Keynes (1936): Don't pick what YOU think is best—pick what you think OTHERS think is best. In this game, choose a number from 0-100. The winner is closest to 2/3 of the average. Logical conclusion: everyone should pick 0. Reality: they don't. Why?
Keynes described a newspaper contest where readers voted for the six most attractive faces from 100 photographs. The prize went to those who picked the most POPULAR faces. Smart contestants don't pick what THEY find attractive— they pick what they think OTHERS will find attractive. And smarter ones think about what others think others think...
Keynes argued stock prices aren't determined by "fundamental value" but by what investors think OTHER investors think the price should be. This creates bubbles: everyone buys because they expect others to buy, regardless of underlying value. The beauty contest explains speculation and market psychology.

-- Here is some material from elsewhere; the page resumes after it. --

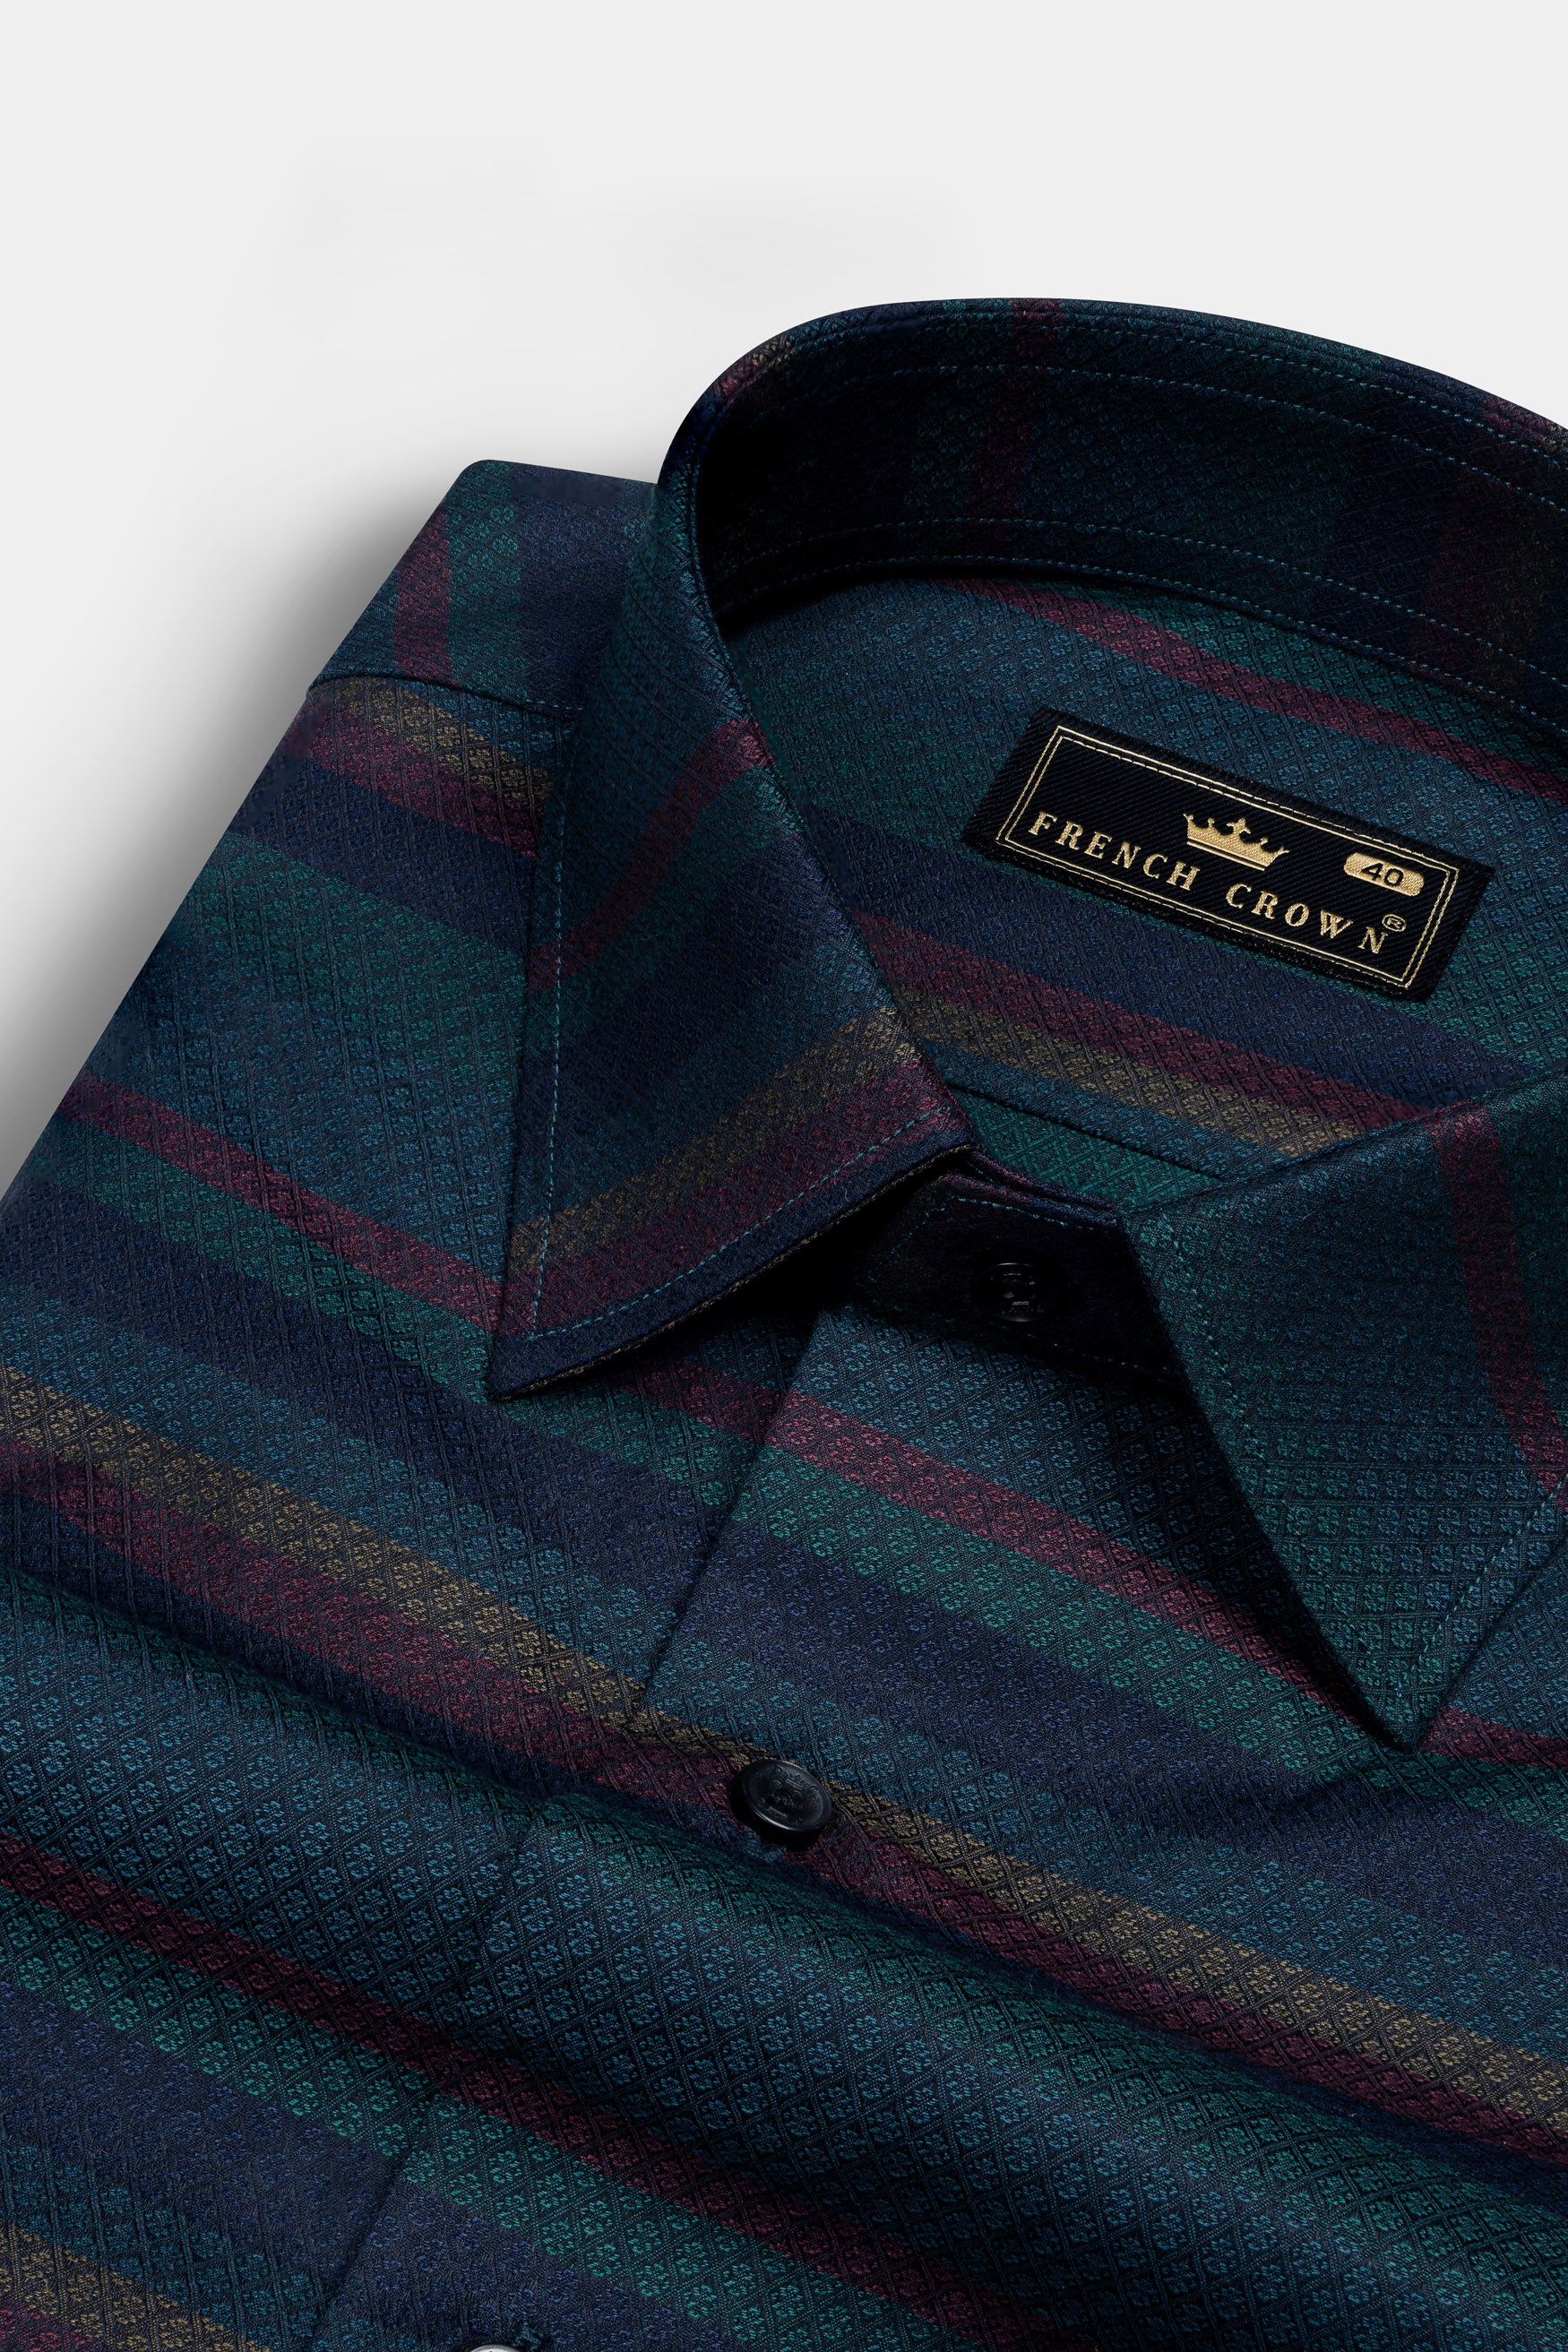 Tiber Blue And Eclipse Maroon Jacquard Textured Premium Giza Cotton Shirt
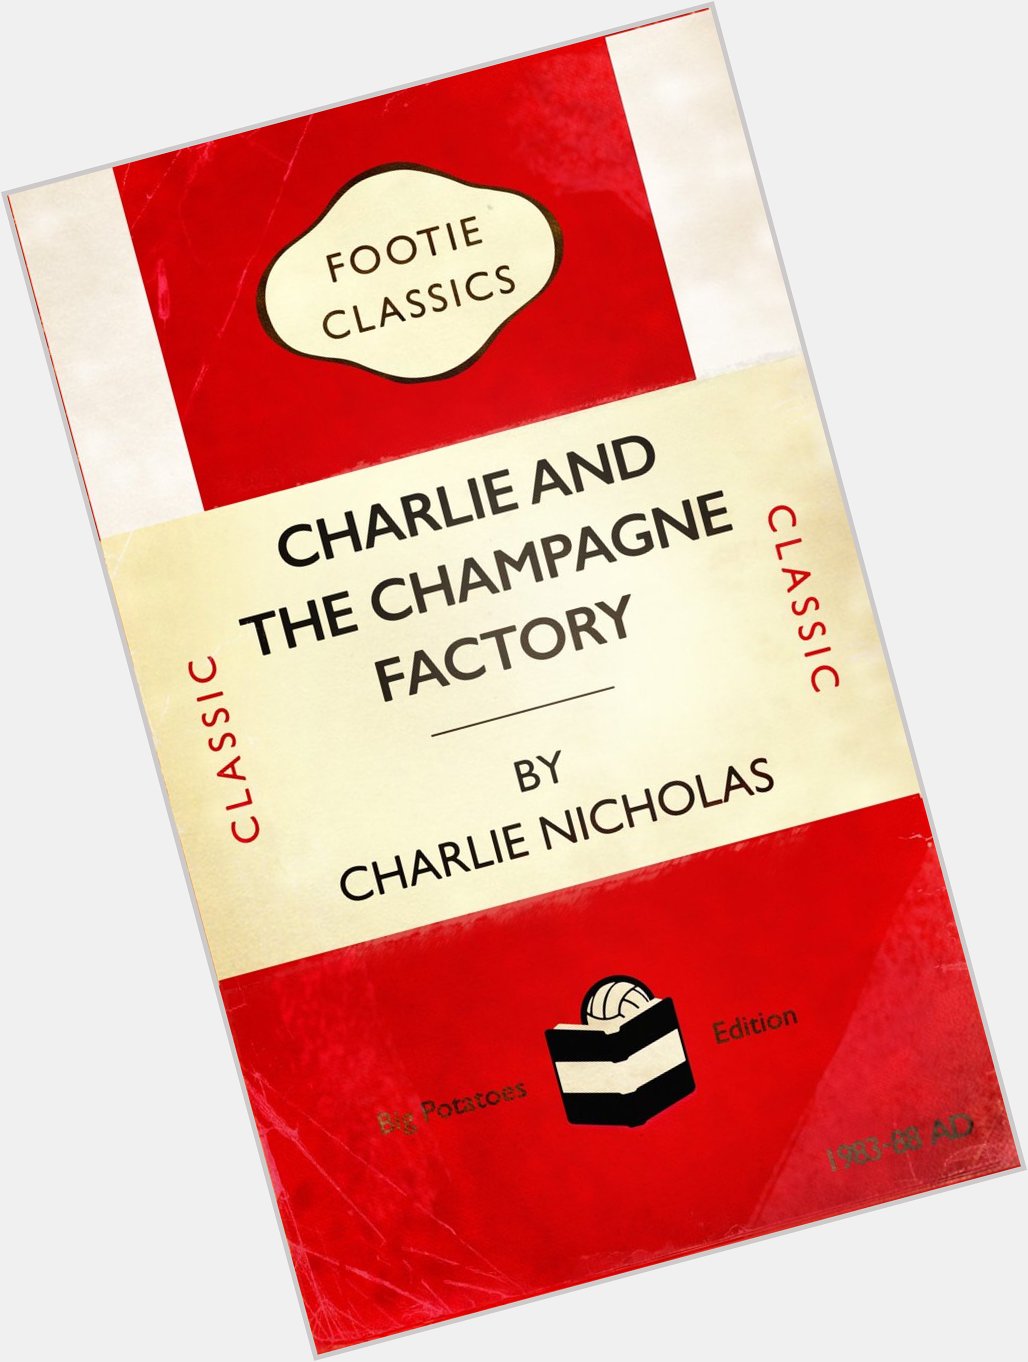 Happy Birthday to Champagne Charlie Nicholas.

Real humans don't iterate to infinity. Studies show most people think 1-3 levels deep: "Others are random (L0), so I'll guess 33 (L1)" or "Others will think like that, so I'll guess 22 (L2)." Very few reach L4+. This is cognitive hierarchy theory—bounded strategic reasoning.
In published experiments, winning guesses cluster around 13-22. Financial Times readers: winning guess was 13. Caltech students: average 26. With repetition, guesses converge toward 0—but never reach it. Perfect rationality requires assuming everyone else is also perfectly rational.
Zero is the only Nash Equilibrium—a state where no player benefits by changing their strategy. But reaching it requires common knowledge of rationality: I'm rational, I know you're rational, I know you know I'm rational... ad infinitum. Humans don't have this.
Speculative bubbles: Buy because others will buy. Voting: Vote for who you think will win, not who you prefer. Fashion: Wear what you think others will think is stylish. Technology adoption: Use what you expect others to use. The beauty contest is everywhere coordination matters.